En la Universidad de La Habana, la profesora Beatriz Maggi nos enseñó a leer a Jonathan Swift, un tipo encojonadísimo, un panfletista y su madre, un despiadado descuartizador de las costumbres, que se burló en forma inmisericorde de la sociedad inglesa de su época. Desde entonces suelo escribir sobre él, cuidándome de salvar las especificidades que, con el correr del tiempo, transformaron su escritura en lo contrario de lo que él se propuso.
Pero siempre vuelvo a Jonathan Swift, porque las palabras deben ser usadas para comprender y explicar, no para controlar y oprimir, y como lo nuestro es haber vivido una historia de azarosas complacencias opresivas, nos ocurre que vivimos con entera “normalidad” toda la atmósfera de dominio absoluto que nos rodea. Es suficiente con enunciar las vejaciones, la ceguera siempre posible del lambón que susurra la conveniencia de continuar en el poder, el amargo de retama del mesianismo, el gobernante mediocre que no alcanza ni siquiera para fingir con propiedad; para darnos cuenta de que el poder tiene una capacidad transformadora de voluntades y principios. La escueta definición de nuestra historia queda clavada, sin ninguna dudas, en esa desgracia recurrente de políticos e intelectuales dominicanos que terminan siendo, en la práctica, lo contrario de lo que dijeron ser.
Todos los que escribimos sobre los acontecimientos sociales dominicanos, deberíamos regresar, de vez en cuando, a la lectura del iracundo Jonathan Swift. Es un modelo perfecto de traición de la intención comunicante del escritor, porque su soberbia contra la hipócrita sociedad inglesa de su época, lo obligó a emplear un giro insospechado de la creatividad para poder decirle miserables y enanos a los gobernantes del tiempo que le tocó vivir. Algo que, de seguro, a todos nos ha pasado por la mente alguna vez. Tan iracundo fue que escribió, de su puño y letra, el epitafio que él quería que pusieran en su tumba: “Se ha ido donde la fiera indignación no podrá lacerar más su corazón”. ¿Y qué ocurrió?

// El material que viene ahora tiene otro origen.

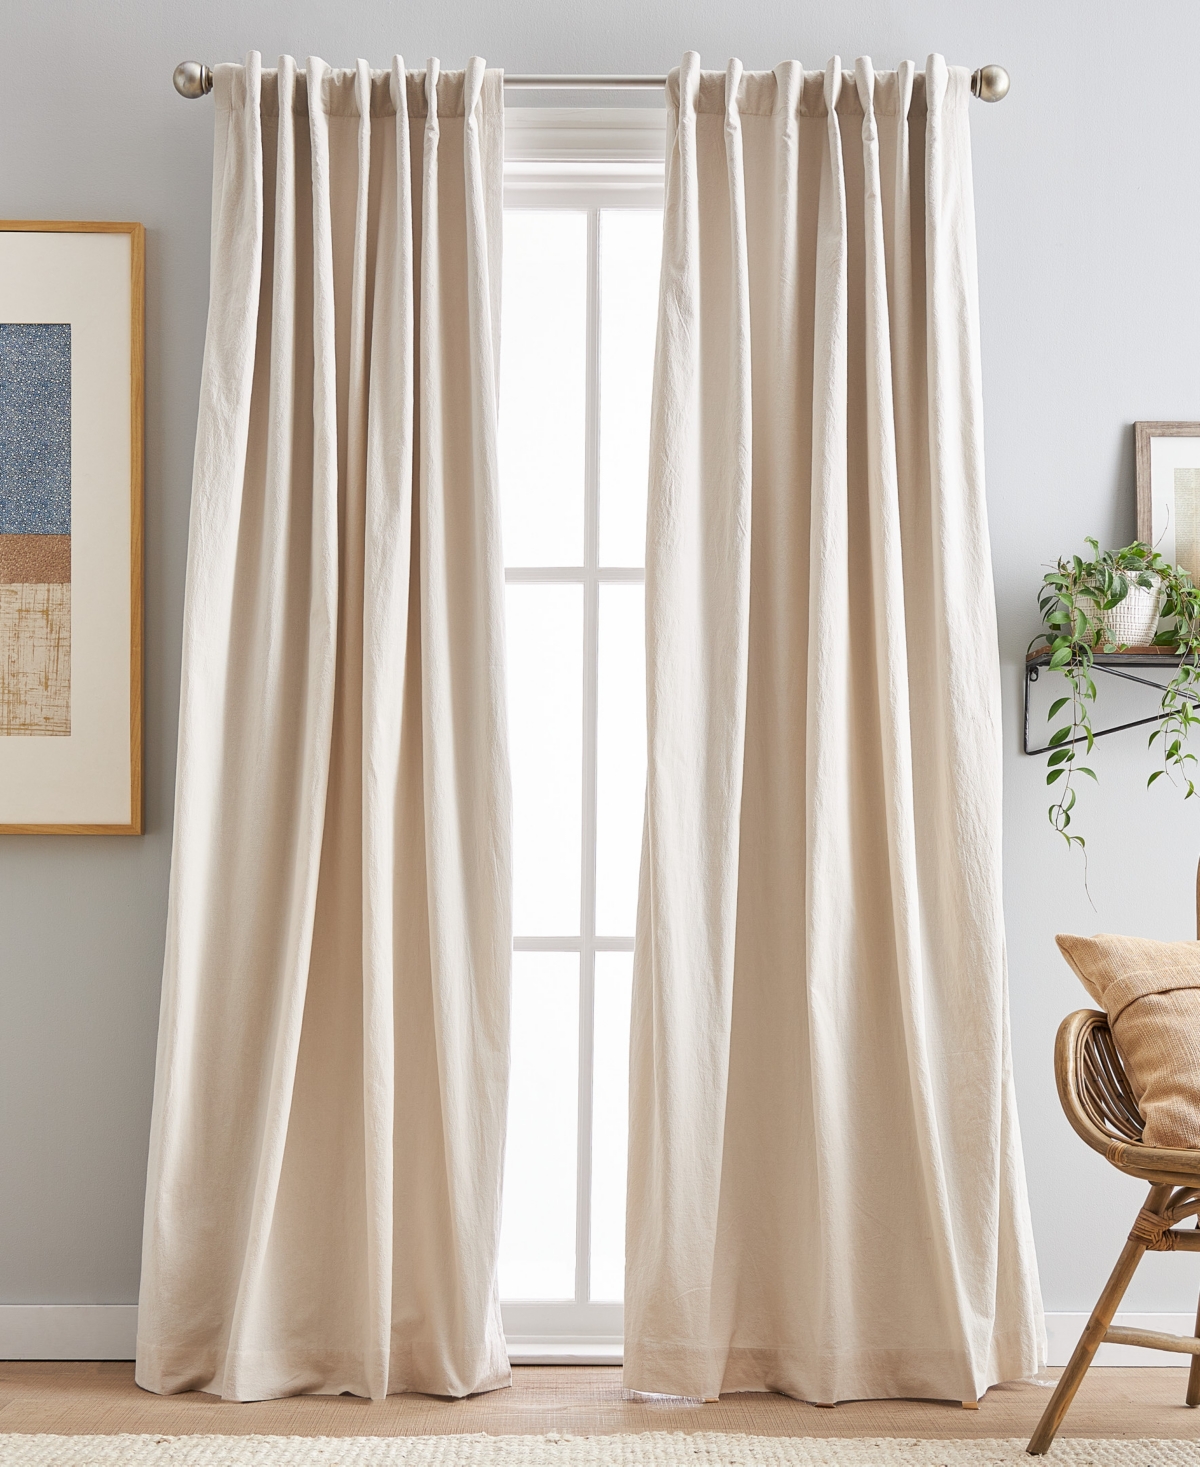 Peri Home Sanctuary Back Tab Lined 2-piece Curtain Panel Set, 50" X 95" In Linen
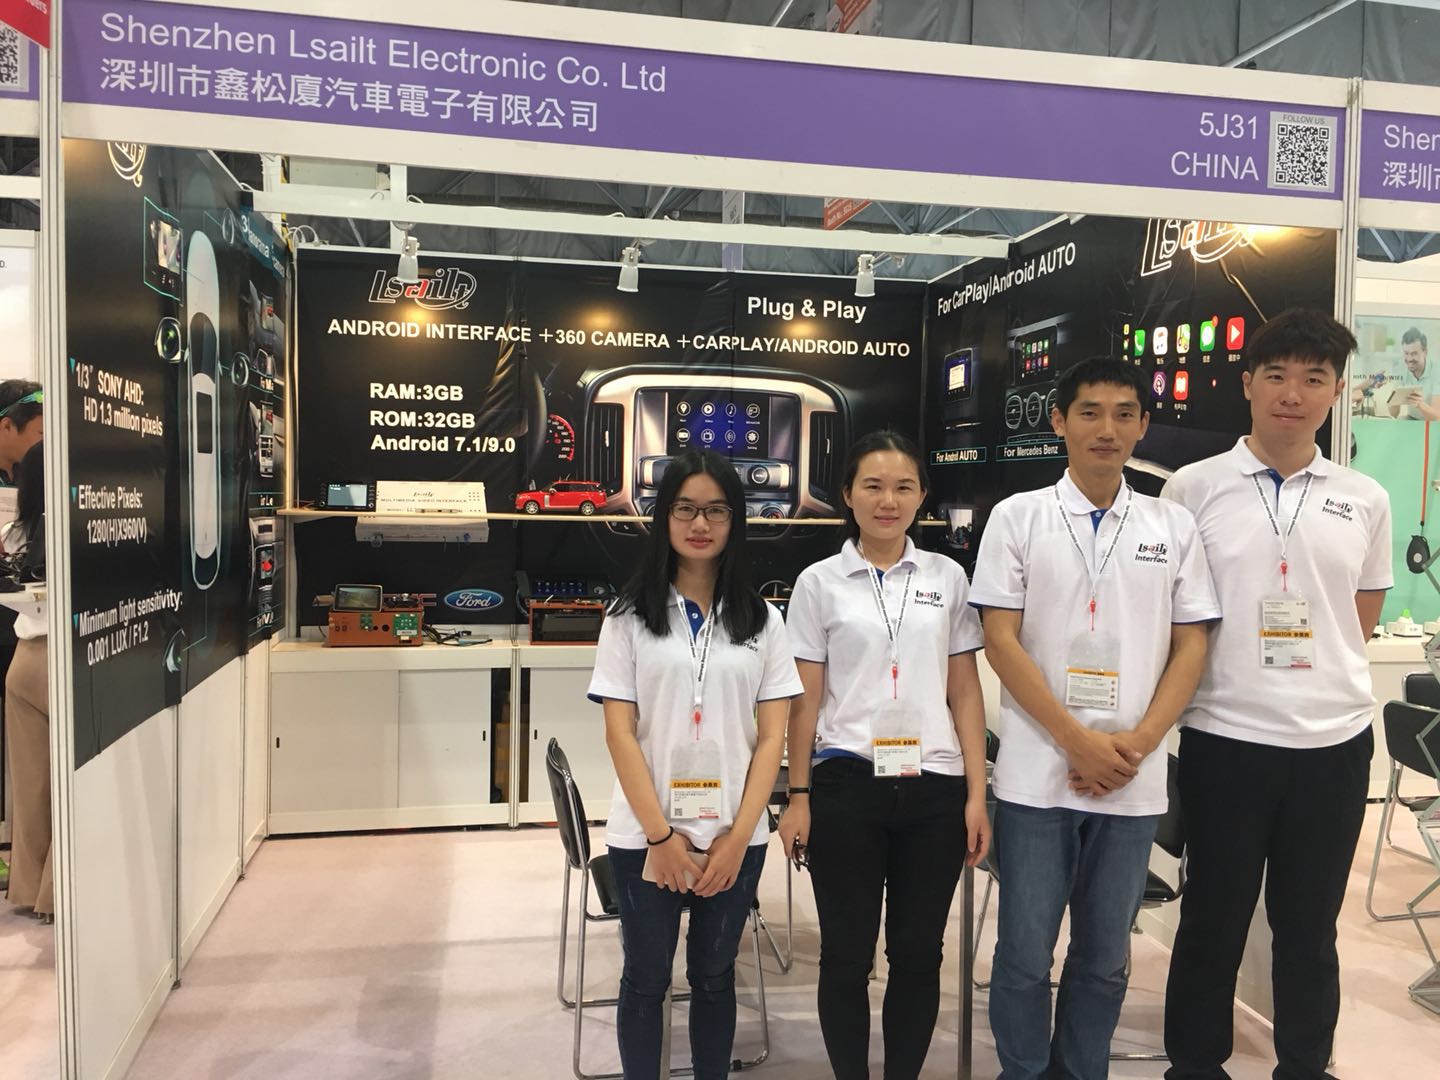 Global Sources 2019 Hong Kong Spring Electronics Fair successfully completed

Que esas diatribas que constituían su latigazo furibundo contra la degradación política y social inglesa, la traición creativa que ejerce el tiempo sobre las obras de arte, la convirtieron en un divertimento social. “Los viajes de Gulliver”, por ejemplo, que ahora leemos como un libro infantil o para adolescente, era en realidad una crítica abierta de las costumbres, un aldabonazo a la consciencia de un pueblo sumido en el servilismo y la dominación.
Aunque, a fin de cuentas, Jonathan Swift quedó en las letras universales más por el vuelo fantástico que dio a su ira contra la sociedad inglesa, por su mordacidad sin fronteras, que por lo que intentó combatir con sus escritos repletos de una filosofía pesimista y amarga.
Y si vuelvo a Jonathan Swift de vez en cuando es porque nunca me he afiliado a la idea liquidacionista de que el panfleto se opone al arte. Y la mejor prueba es que sus obras coléricas son hoy leídas por niños como joyas de la literatura infantil. Y, además, porque en la República Dominicana hay que estar alerta contra el autoritarismo subliminal. Exhibiendo sus penachos altivos, los dictadores, los autoritarios, los corruptos, son los grandes triunfadores de nuestro espacio en la vida republicana. No es “amargura”, no es “pesimismo”. Trujillo sabía que la apropiación del mundo era deslumbrante, y sus noches eran, por lo tanto, inocentes y reparadoras. ¿Qué podemos hacer quienes apenas tenemos la palabra? ¿Qué podemos argüir los “cultivadores del espíritu”, los “poetas”, los “artistas” degradados, humillados, lambiéndoles el fundillo a un arrogante Ministro de Cultura que los desprecia; que nunca ha valorado la cultura nacional, que con su barba de ballenero lo único que ha hecho es escalar cargos públicos para vivir de un país al cual abomina; como si un canalla le bebiera la sopa a un tuberculoso? ¡Oh, Dios!
Quizás escribir panfletos, que de seguro no conmoverán a nadie. O volver a invocar a Jonathan Swift, ese tipo encojonadísimo que ahora únicamente leen los niños.